Task: Would you transcribe the records below from the line with "A lazy leopard" to the line with "An AEG Lavatherm", ends included, exactly and with nothing more, leaving the pictures out?

Input data:
+++

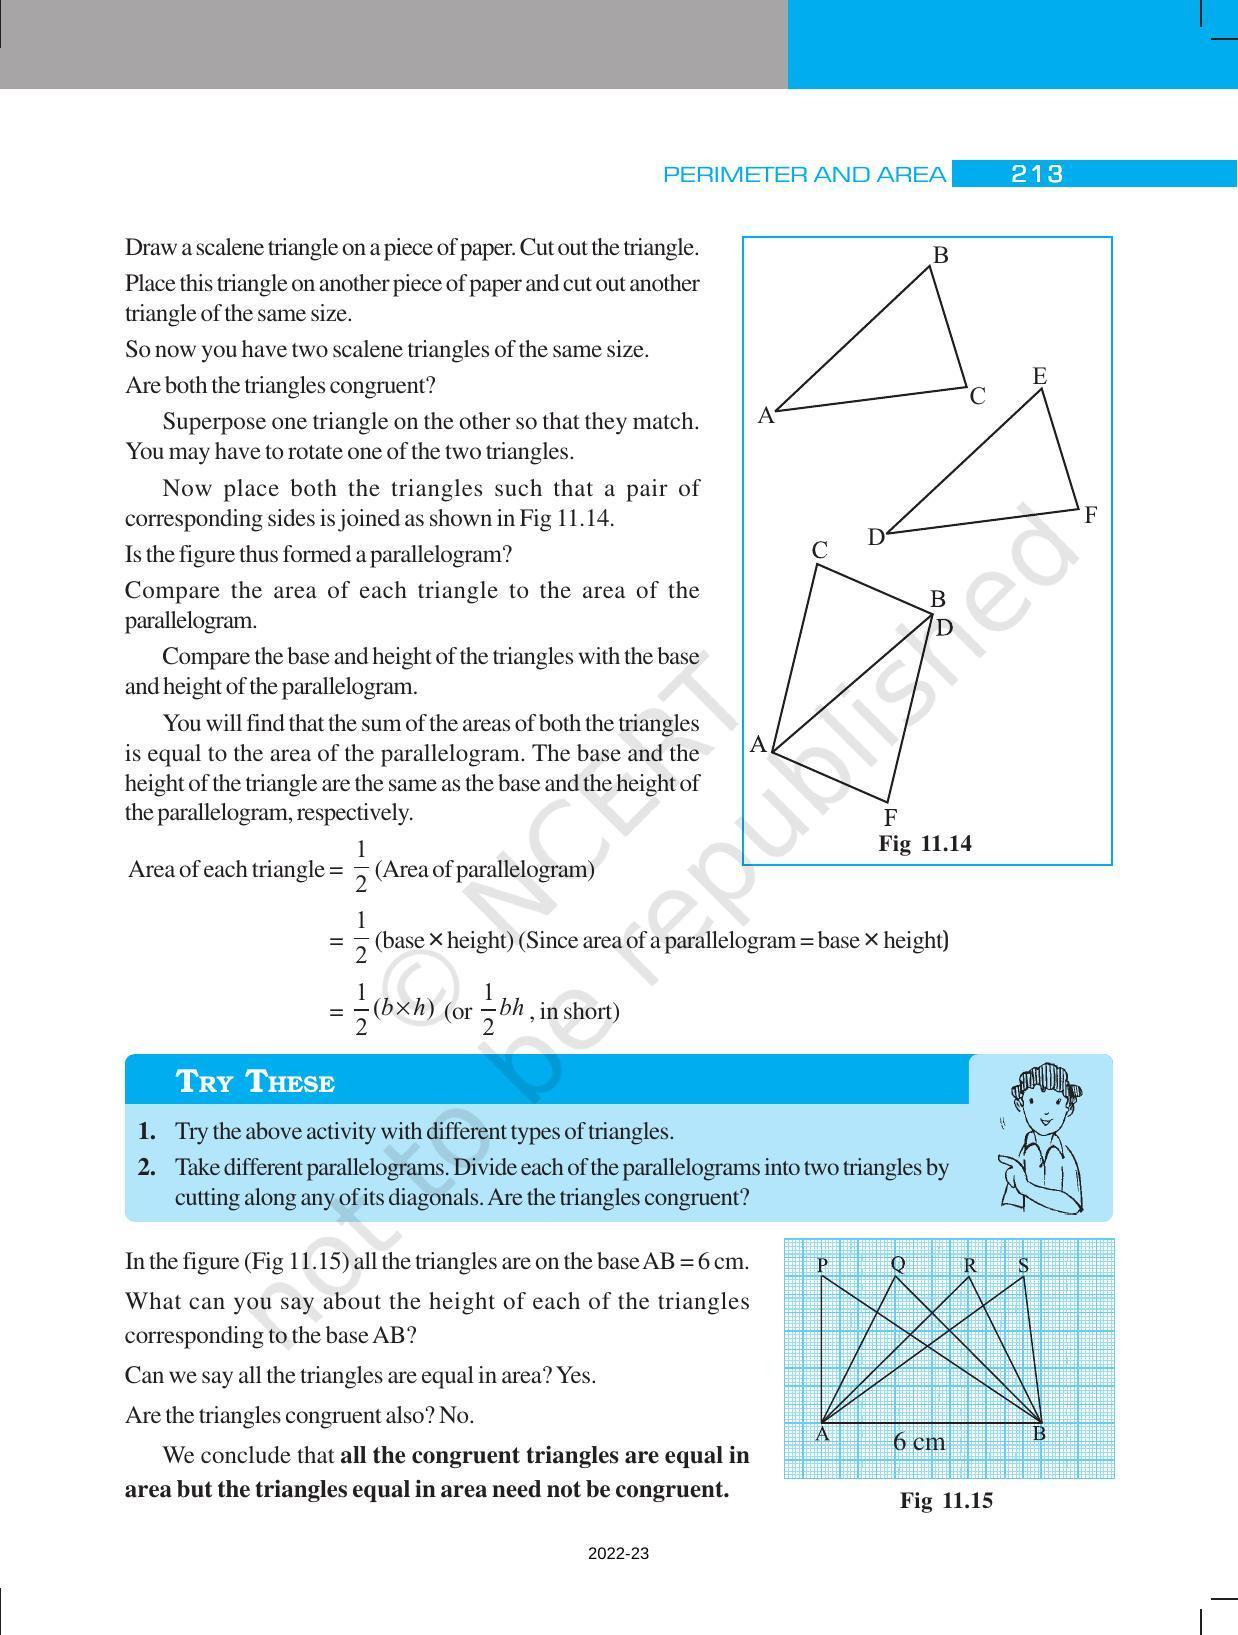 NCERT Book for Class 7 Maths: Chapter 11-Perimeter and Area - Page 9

+++

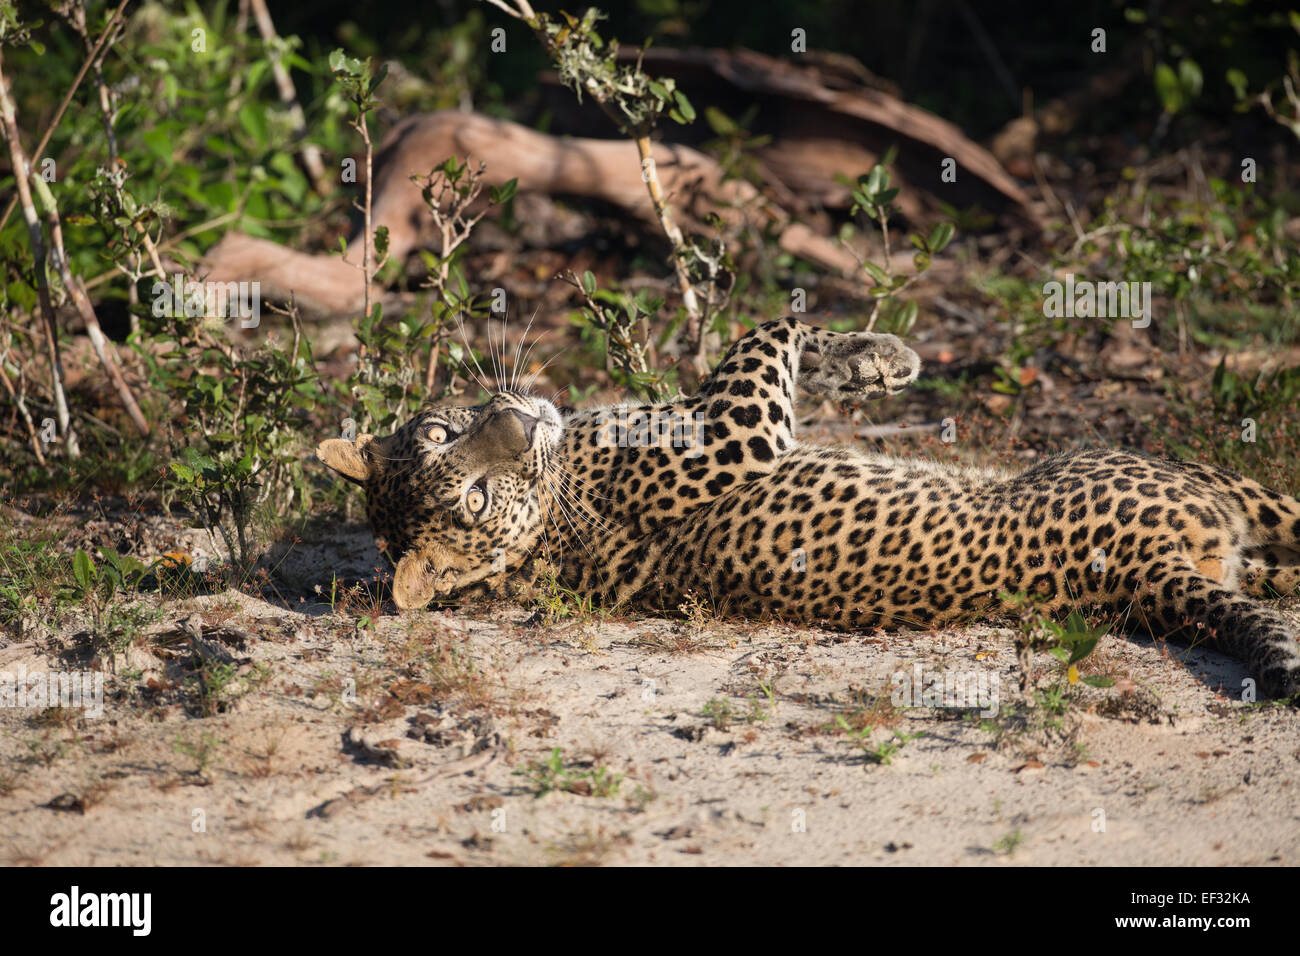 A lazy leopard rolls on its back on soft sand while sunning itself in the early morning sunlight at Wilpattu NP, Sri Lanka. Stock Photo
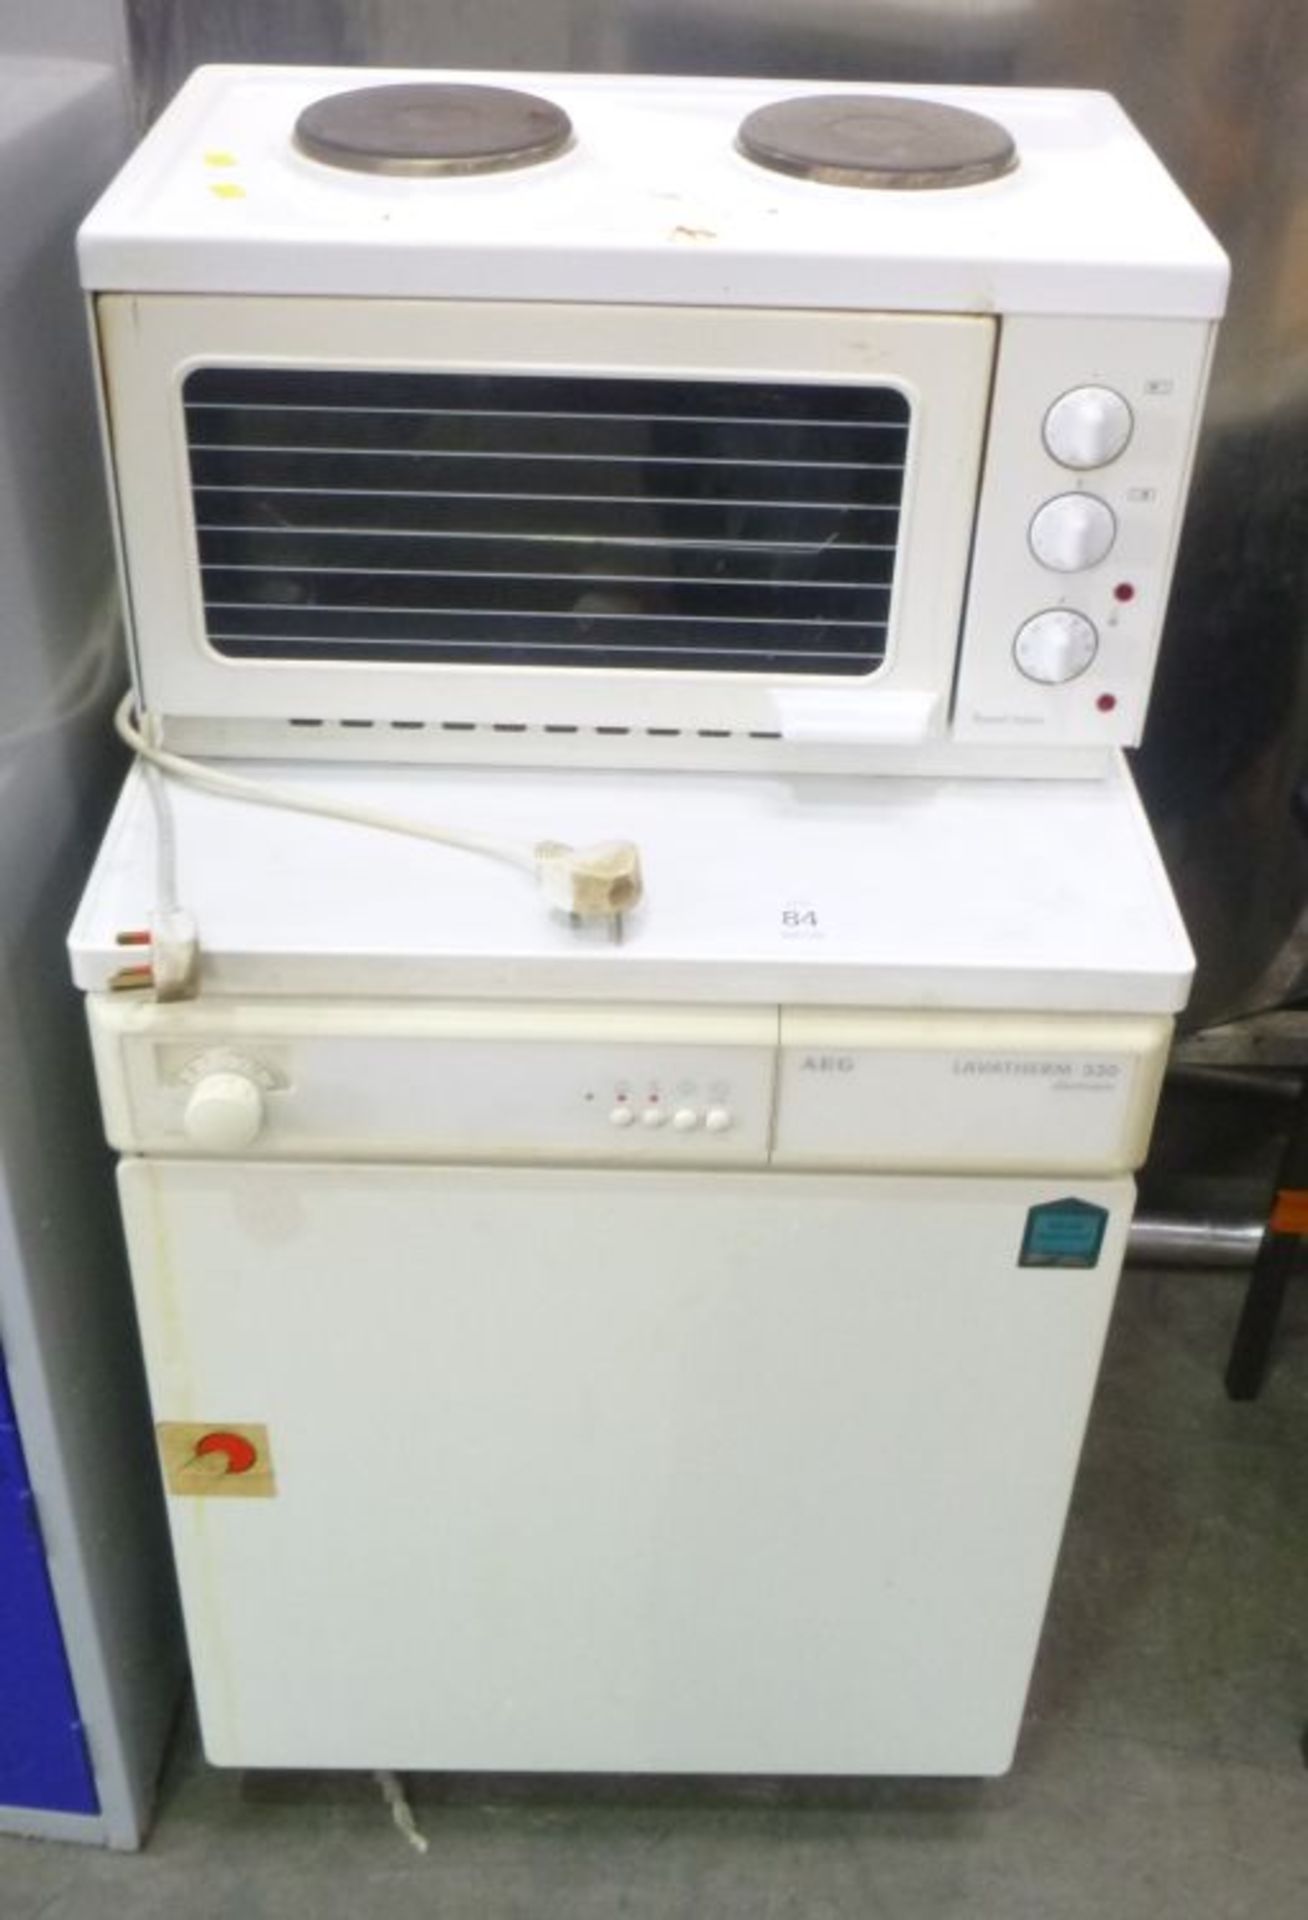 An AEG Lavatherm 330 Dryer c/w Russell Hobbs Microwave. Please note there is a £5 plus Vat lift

+++

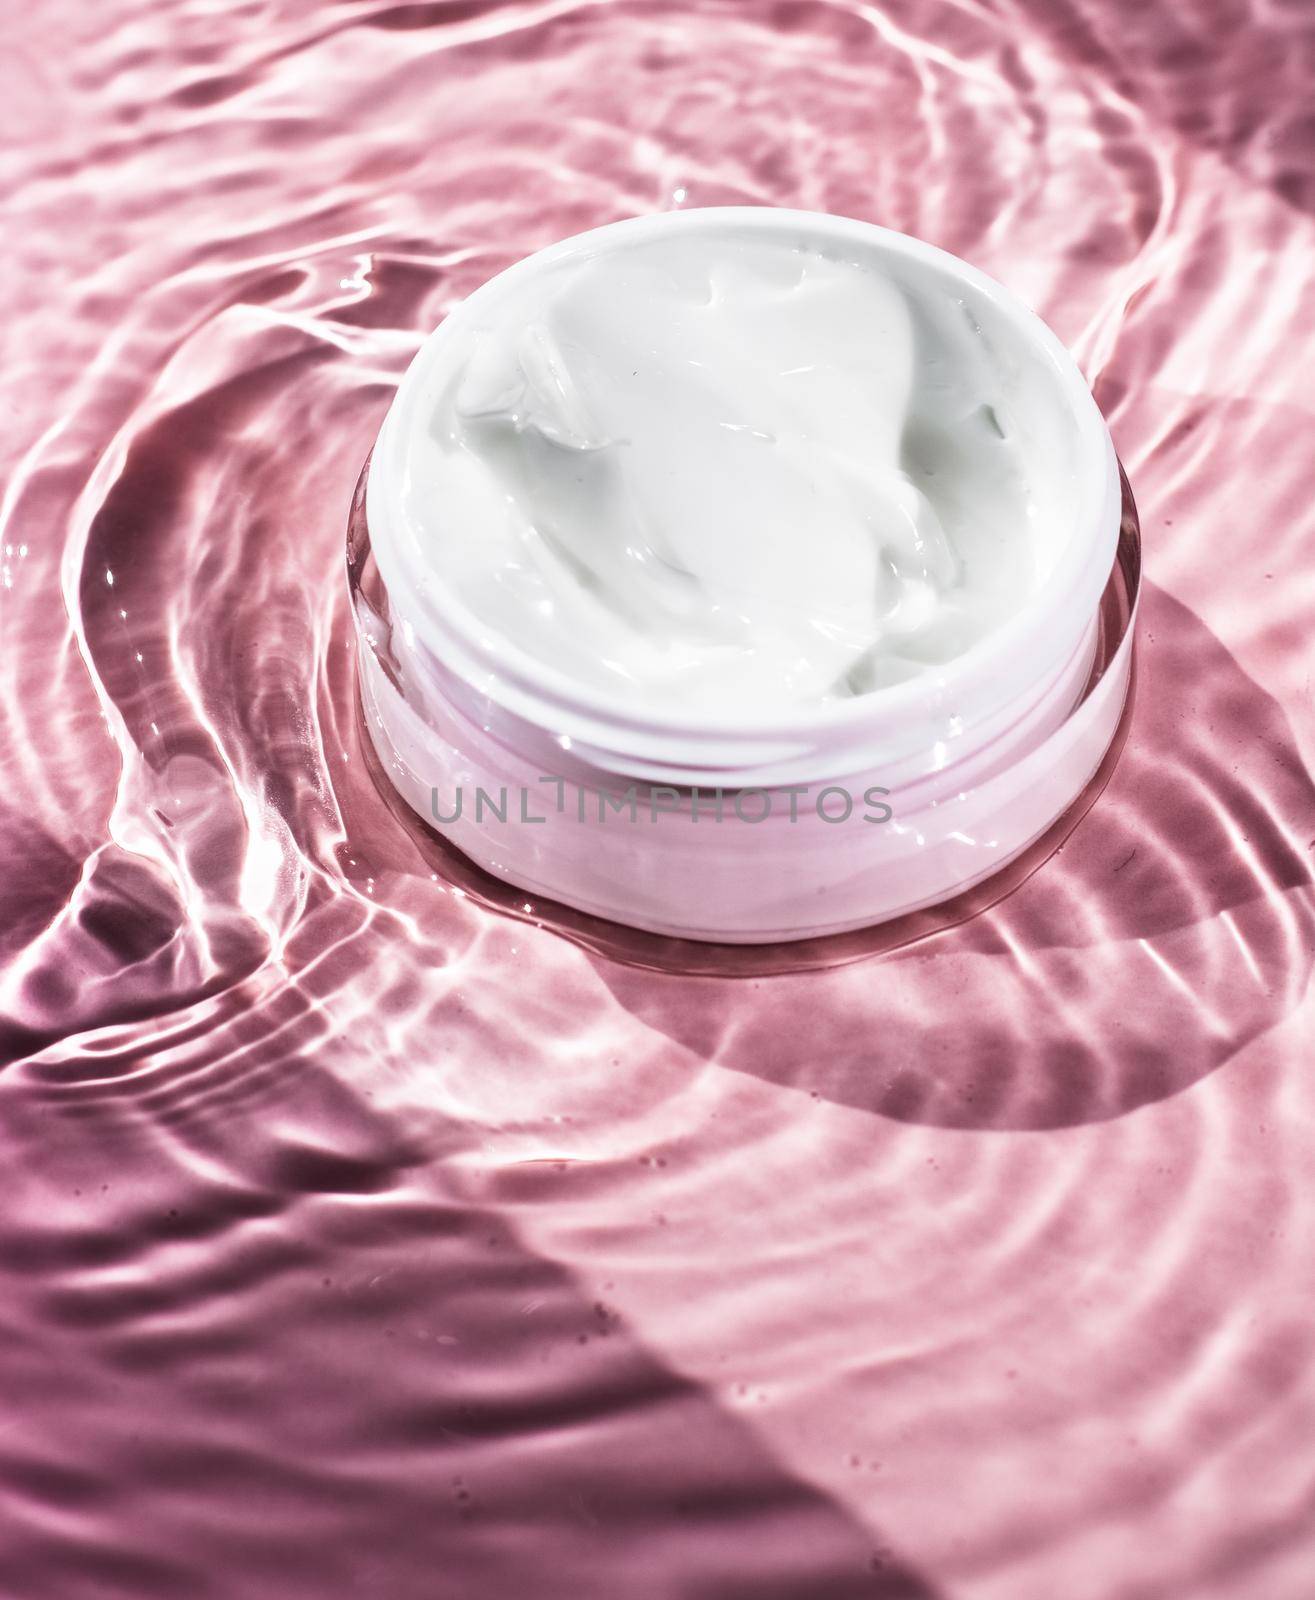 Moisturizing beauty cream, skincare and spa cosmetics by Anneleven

+++

Completed task:
 A lazy leopard rolls on its back on soft sand while sunning itself in the early morning sunlight at Wilpattu NP, Sri Lanka. Stock Photo
 An AEG Lavatherm 330 Dryer c/w Russell Hobbs Microwave. Please note there is a £5 plus Vat lift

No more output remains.